Napas kuhela panjang. Selanjutnya, kusandarkan bahu. "Put, makin kamu pikirin, bakal bikin tambah stres, dan ujung-ujungnya nggak maksimal pas ujian yang sebenarnya. Try out bukan patokan nilai kita di UN nanti. Ini hanya latihan biar kita terbiasa menghadapi tipe-tipe soal yang akan diujikan. Jadi, jangan putus asa kalau dapat jelek. Jadiin itu semangat kamu untuk memperbaiki diri, kita juga gitu, kok. Ya, nggak, Tan?" Aku mengedikkan dagu pada Tania.

"Ho'oh. Makin kamu stres, rambutmu tambah rontok, lho. Mending kita makan bakso."

"'Tul!" timpalku.

Dahi Putri berlipat-lipat setelah mendengar wejangan dari kedua temannya.
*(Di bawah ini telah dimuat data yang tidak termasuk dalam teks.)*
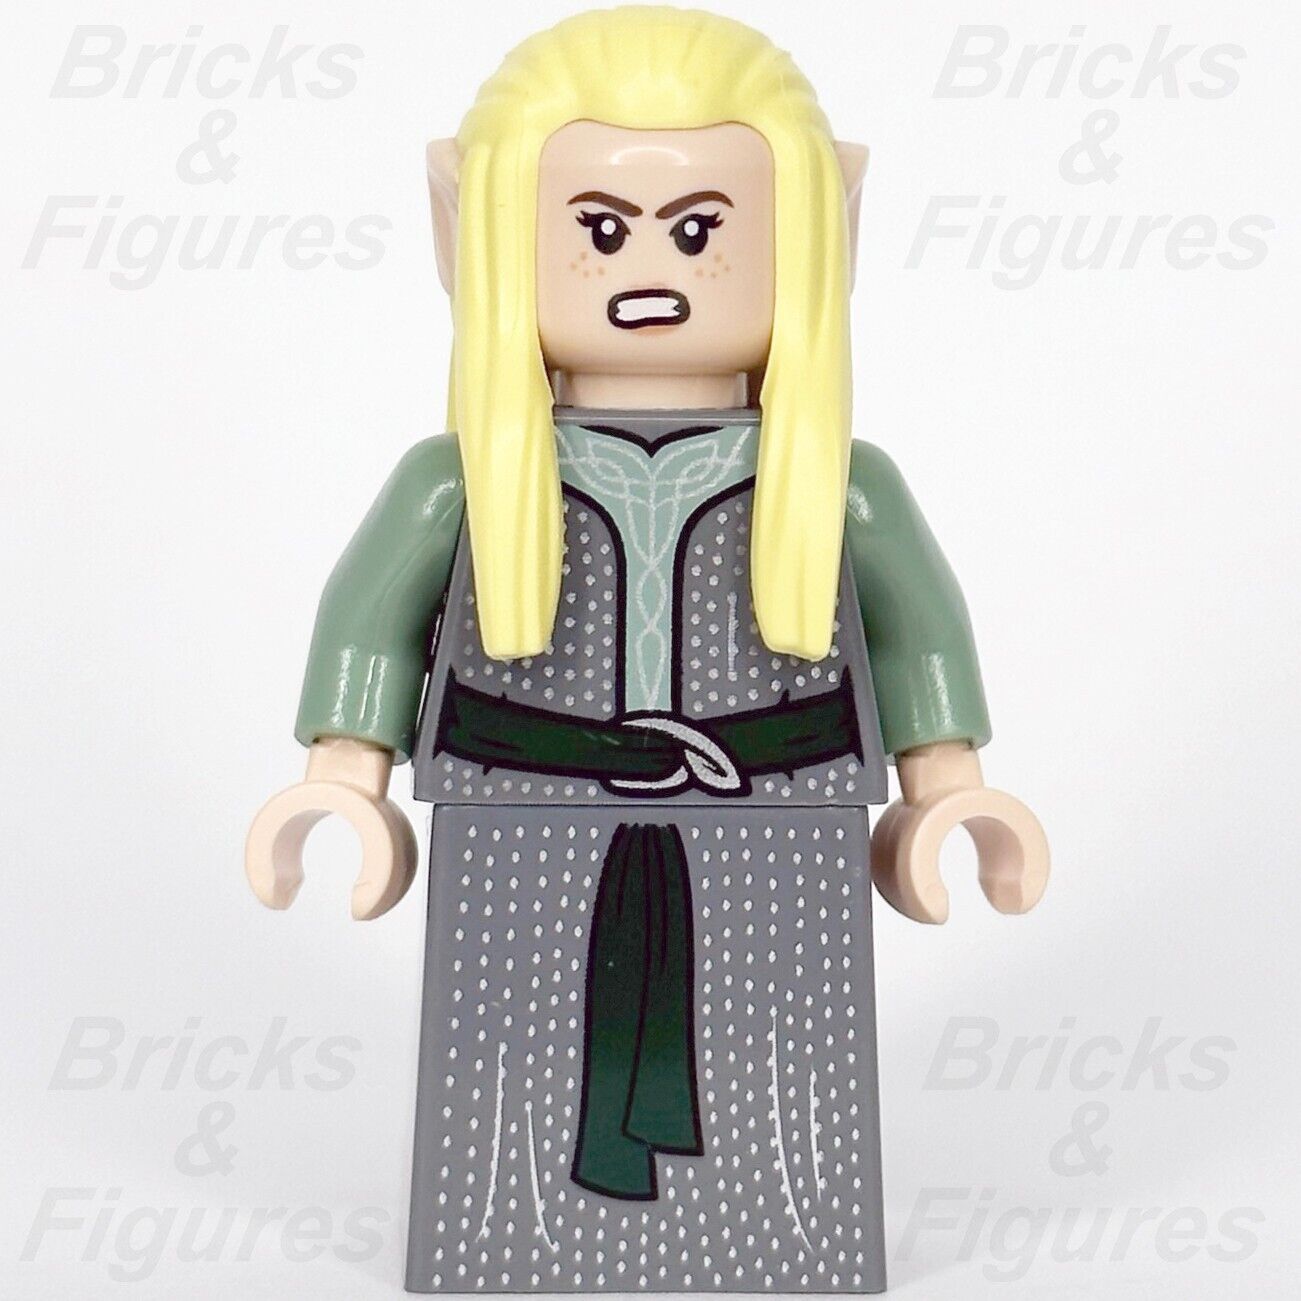 LEGO Rivendell Elf Minifigure The Hobbit & The Lord of the Rings 10316 lor120 - Bricks & Figures

"Ck, kelamaan!" Tania turun dari atas bangku, kemudian meraih lengan Putri sampai berdiri. "Hidup cuma sekali, ngapain dibikin pusing. Sekarang, ya sekarang. Besok, ya besok."

"Mantap!" Kuacungkan jempol atas kalimat bijak Tania.
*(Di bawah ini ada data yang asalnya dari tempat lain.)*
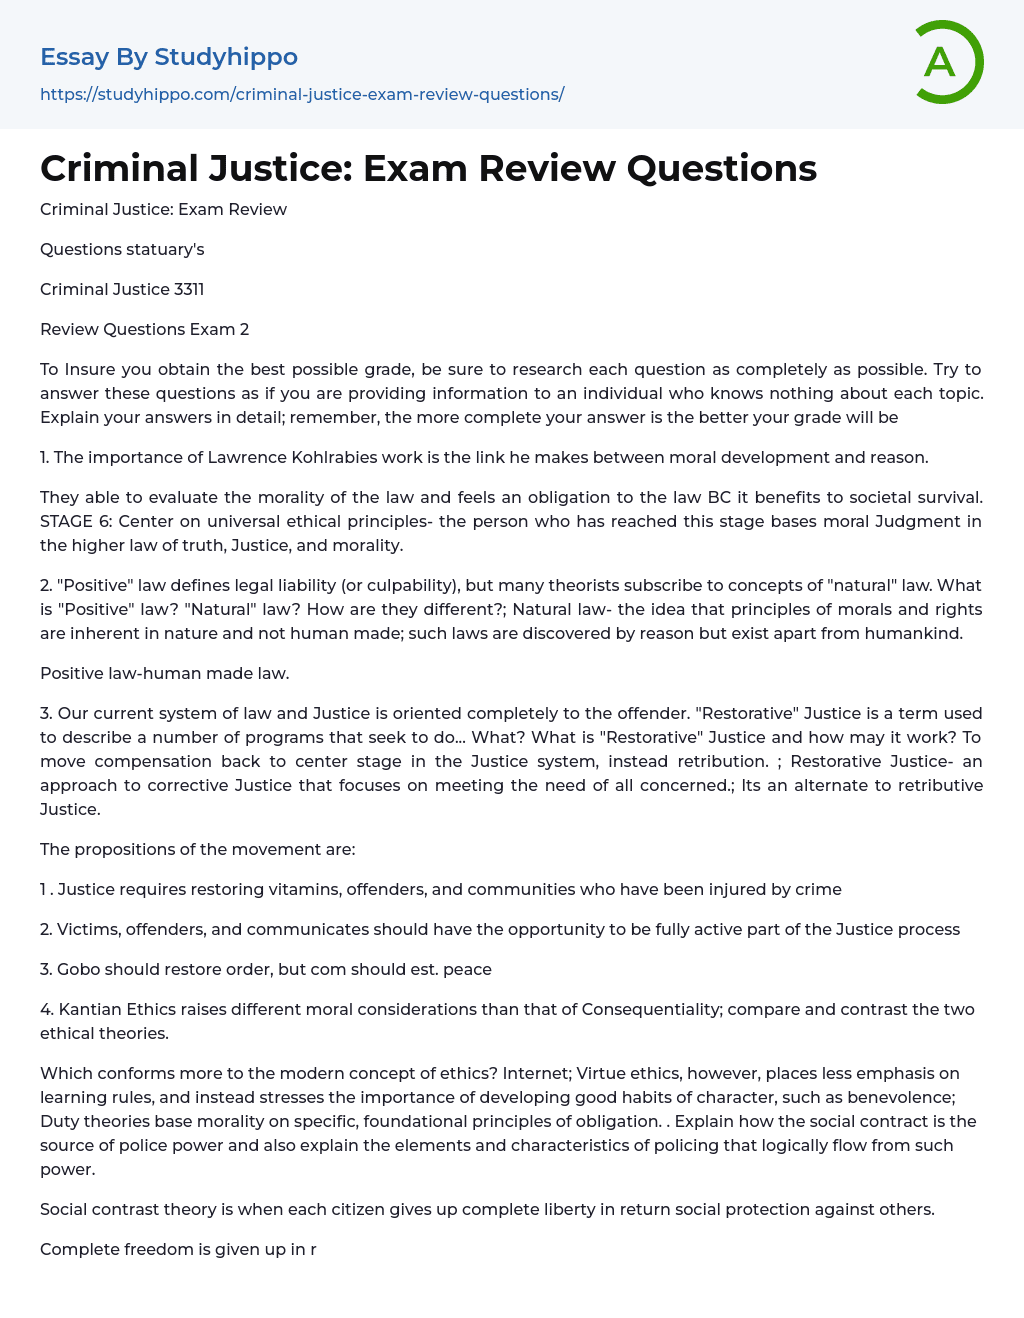 Criminal Justice: Exam Review Questions Essay Example

"Bakso yang lain, ya. Bosen di tempat kemarin," celetuk Putri yang langsung membuat kami semringah.

Tali ransel kusampirkan pada kedua bahu. "Gitu, dong, terobosan baru. Tahu tempatnya?"

Putri menganggukkan kepala. "Dekat, kok. Kemarin sama masku ke sana. Enak."

"Berangkat!" sahut Tania sembari membuang bungkus es ke tempat sampah.

"Aku nebeng, ya, Mel. Nggak bawa sepeda, nih."

Kuangkat jempol sebelum mendorong pundak Putri.

***

Kemudi berbelok ke kanan melewati sebuah tikungan landai. Sesekali kujentikkan bel besi saat ada orang yang akan menyebrang. Selanjutnya, kukayuh pedal sedikit kencang.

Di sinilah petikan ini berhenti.